Llegar a santo no solo requiere de una existencia ejemplar en este nuestro “valle de lagrimas”; no solo de una vida caracterizada por la renunciación propia, el amor incondicional hacia los demás, la devoción y la alabanza a Dios, el ejercicio constante de la virtud, el ejemplo bondadoso, la disposición hacia el martirio, el desapego hacia los bienes de fortuna y la propia salud. Parece que ni siquiera el testimonio de haber vencido a los sórdidos demonios de la tentación sensual es garantía para ser reconocido como santo en este loable esfuerzo. Tampoco dan patente de corso la defensa de la propia virginidad, la persistencia en el celibato o en la castidad; o similares y controvertidos métodos.

Porque para llegar a santo, hay también que probar que se ha tenido una “vida y milagros”. Es decir, hay que ponerse a la cola de un sinnúmero de otros tan o mas virtuosos que uno, que han sabido dar muestras de dedicación a una vida emparentada con la bondad y la plegaria; que no se contentaron solo con rezar, sino que supieron entregarse a los demás con intención y encomiable empeño.

Así, ésto de haber sido un santo, como el señor Dilip, no es lo único que cuenta. En esa lista de espera que recorre las cortas, pero zigzagueantes callejuelas del Vaticano, hay que tener suerte para que alguien se encargue de demostrar a los tribunales eclesiásticos de turno, que además uno ha estado haciendo milagros por el mundo; o sea, apareciéndose con ubicuidad, resucitando muertos, sanando enfermos, devolviendo fortunas perdidas, reconciliando amantes en disputa; en fin, toda esa suerte de actos de resolución de agravios y de entuertos… Como se verá, hasta para ésto de la contingente santidad se ha de contar con un padrino; porque, sin padrinos, no sirve de nada estar haciendo milagros; y mucho menos éso ya tan común y silvestre de haber sido “solamente un hombre bueno”…

Es por todo ésto, que aunque yo mismo “andaba en éso”, ya me he desanimado de una improbable ascensión a los altares. Y es que, a pesar de mis pecadillos e indiscreciones, para qué también, pero tengo por ahí una bitácora de múltiples reconocimientos y recomendaciones que testimonian de mi sacrosanto celo. Lamentablemente mis más importantes milagros al parecer no han sido publicitados con la debida ponderación. Porque “milagros” sí ha habido, y creo que muchos; aunque los demás, claro, no tengan porqué saberlo!

Cuando hablo de mis propios milagros, se me hace imposible olvidar una tarde de tertulia, junto a la arena de la playa, cuando un par de amigos trataban con futilidad de conseguir que renunciase a mi decisión de venirme a trabajar en el Asia.
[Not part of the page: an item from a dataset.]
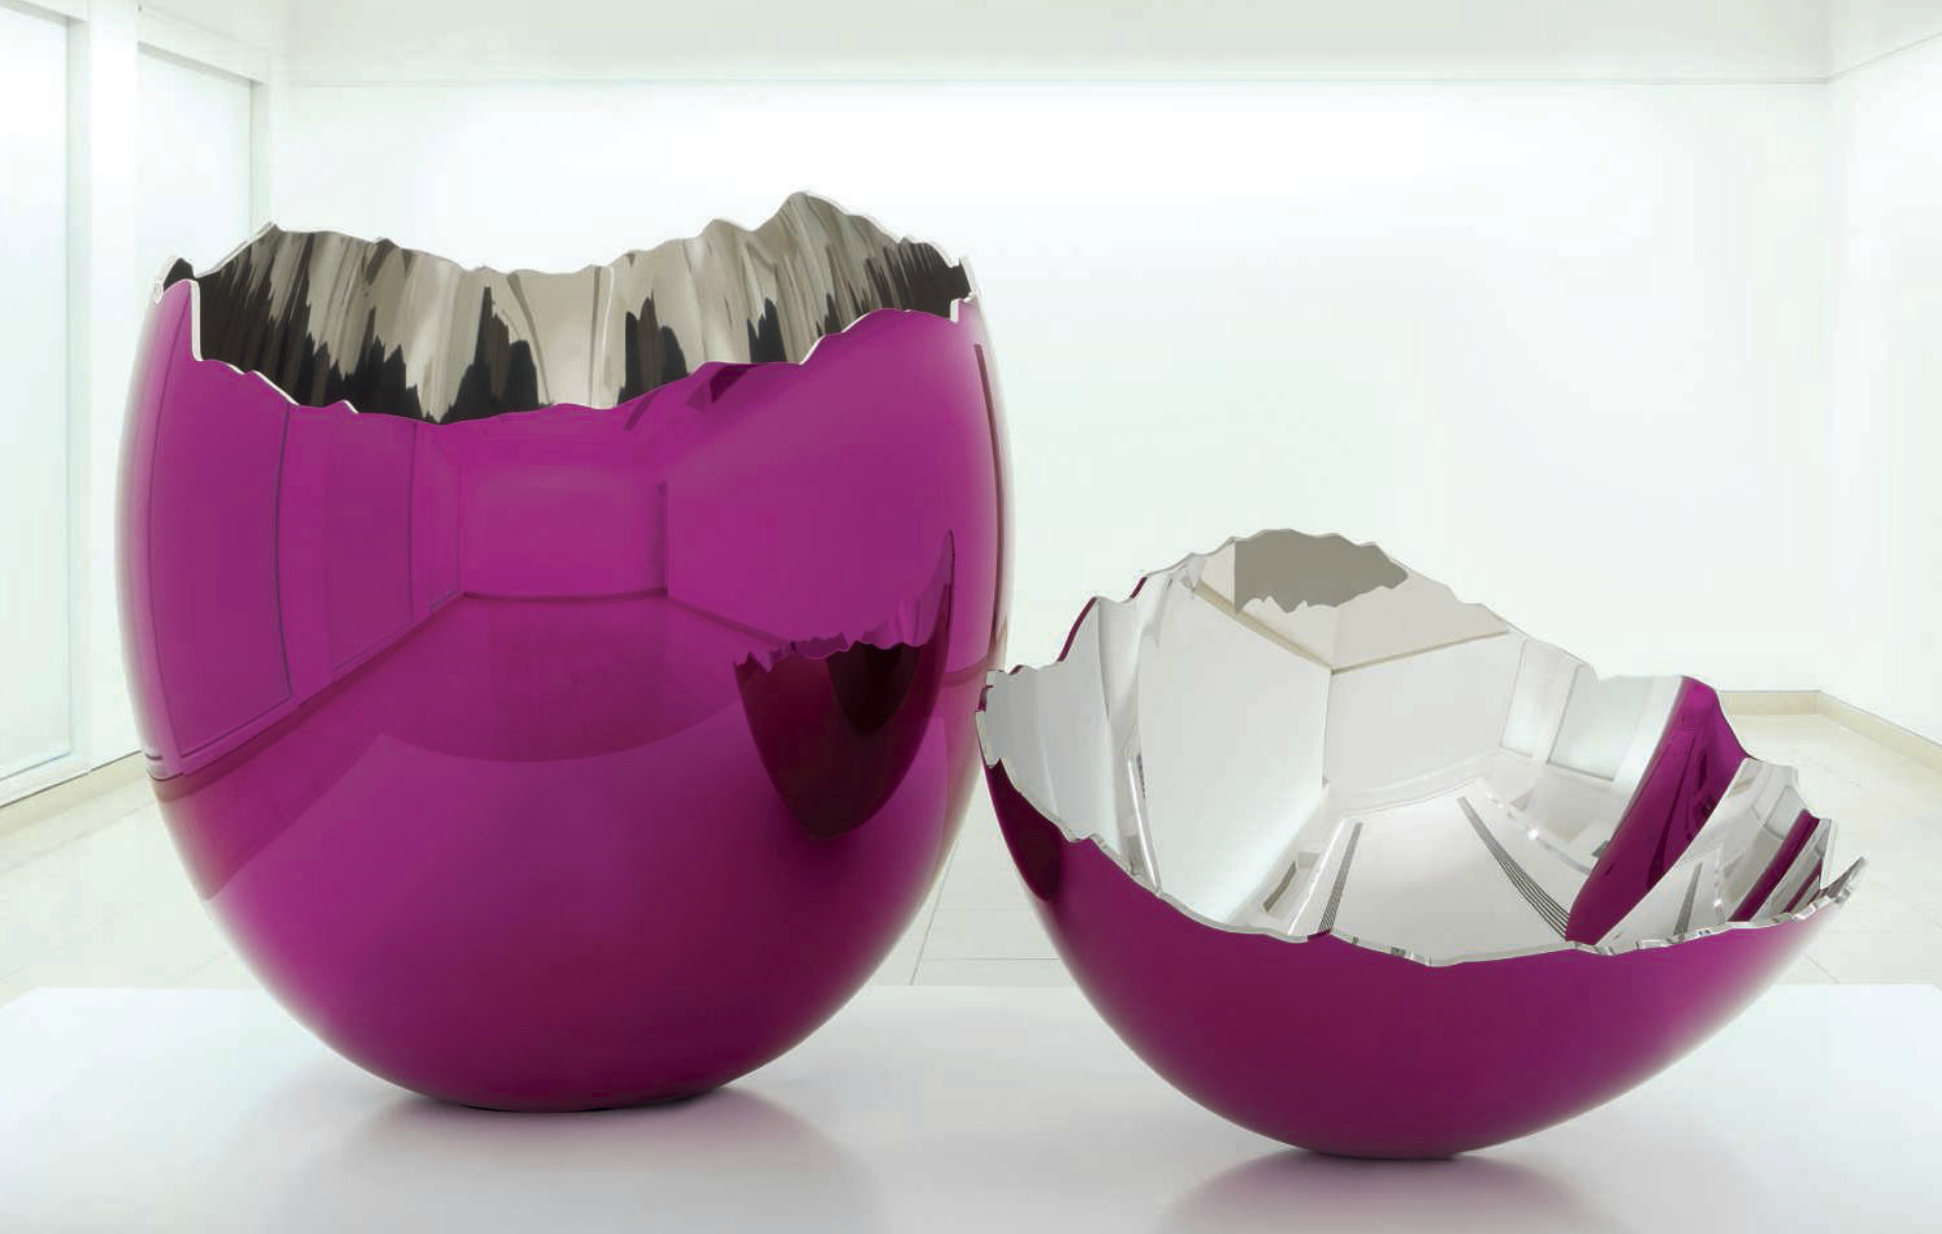 Jeff Koons Egg

Tenía ya en ese entonces un hijo atendiendo una universidad americana y otros tres que esperaban su turno para, llegada su propia oportunidad, también poder hacerlo. Solo un milagro hubiera podido satisfacer esa excesiva ambición; pero, así y todo, más llegó a pesar nuestra vocación de santidad, cuando más tarde nos propusimos en este quijotesco empeño. Ahora, las muestras de aquel portentoso milagro ya están repartidas por el mundo; y yo me he quedado a las puertas de que surja un bondadoso padrino que sepa propiciar la santidad de mi causa, como la del sin par y más inédito de los santos: San Marianito Alberto!

Pero va a haber dificultades… Me he topado con que ya hay once santos en la nomina del santoral castellano que también llevan este muy común nombre de Alberto. Hay otros cuatro más que andan en la fila, o sea ya han ganado la causa previa, la de su beatificación. Me temo que no me va a servir de nada que se argumente que he sido “mártir”, porque parece que también tenía que haber sido “virgen” para que se consolidara el requerido complemento… Y yo que creía que uno podía aplicar para el derecho de subirse a los altares con solo llamarse Alberto!

San Mariano Alberto, santo de la candidez y de la esperanza, patrón de los padres y los esposos pródigos. San Alberto, virgen y mártir, rogad por nosotros! Amén.